▶ Assigned task
Search the entries below for "Steel", and copy each line where it appears.

*** Provided records ***

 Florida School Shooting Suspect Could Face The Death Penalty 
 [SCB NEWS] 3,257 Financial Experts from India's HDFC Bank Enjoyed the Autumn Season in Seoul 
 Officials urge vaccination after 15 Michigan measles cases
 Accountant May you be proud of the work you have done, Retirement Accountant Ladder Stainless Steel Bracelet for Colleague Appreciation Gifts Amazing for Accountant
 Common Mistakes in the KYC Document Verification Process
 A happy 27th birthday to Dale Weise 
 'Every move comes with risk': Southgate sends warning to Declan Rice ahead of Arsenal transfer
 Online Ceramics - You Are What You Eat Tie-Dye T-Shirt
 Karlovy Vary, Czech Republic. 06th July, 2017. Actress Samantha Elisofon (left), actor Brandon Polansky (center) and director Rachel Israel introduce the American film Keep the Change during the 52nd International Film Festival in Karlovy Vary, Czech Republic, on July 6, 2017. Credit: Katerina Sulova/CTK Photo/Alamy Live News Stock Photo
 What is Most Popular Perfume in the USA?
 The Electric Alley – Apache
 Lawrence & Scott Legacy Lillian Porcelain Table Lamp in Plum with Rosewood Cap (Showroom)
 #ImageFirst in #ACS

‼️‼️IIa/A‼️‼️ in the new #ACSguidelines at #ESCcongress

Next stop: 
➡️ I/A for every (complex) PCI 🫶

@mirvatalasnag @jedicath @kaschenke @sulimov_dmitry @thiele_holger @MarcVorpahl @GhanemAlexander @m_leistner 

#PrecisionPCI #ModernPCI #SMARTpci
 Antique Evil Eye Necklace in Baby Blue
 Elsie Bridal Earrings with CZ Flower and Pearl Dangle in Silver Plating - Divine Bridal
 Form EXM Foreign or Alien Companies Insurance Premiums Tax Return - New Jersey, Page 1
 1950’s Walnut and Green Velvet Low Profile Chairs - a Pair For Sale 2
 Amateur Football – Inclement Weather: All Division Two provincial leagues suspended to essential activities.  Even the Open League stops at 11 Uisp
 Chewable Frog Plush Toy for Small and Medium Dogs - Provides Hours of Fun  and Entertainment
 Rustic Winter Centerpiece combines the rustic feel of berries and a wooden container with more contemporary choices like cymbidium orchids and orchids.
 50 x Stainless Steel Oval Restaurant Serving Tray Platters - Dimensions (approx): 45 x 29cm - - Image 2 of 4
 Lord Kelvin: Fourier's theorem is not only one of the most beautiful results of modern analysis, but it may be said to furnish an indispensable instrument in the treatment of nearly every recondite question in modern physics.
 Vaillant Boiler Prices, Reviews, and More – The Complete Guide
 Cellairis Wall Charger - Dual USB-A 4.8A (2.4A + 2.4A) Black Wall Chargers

*** End of Provided records ***

▶ Result of the exercise
 Accountant May you be proud of the work you have done, Retirement Accountant Ladder Stainless Steel Bracelet for Colleague Appreciation Gifts Amazing for Accountant
 50 x Stainless Steel Oval Restaurant Serving Tray Platters - Dimensions (approx): 45 x 29cm - - Image 2 of 4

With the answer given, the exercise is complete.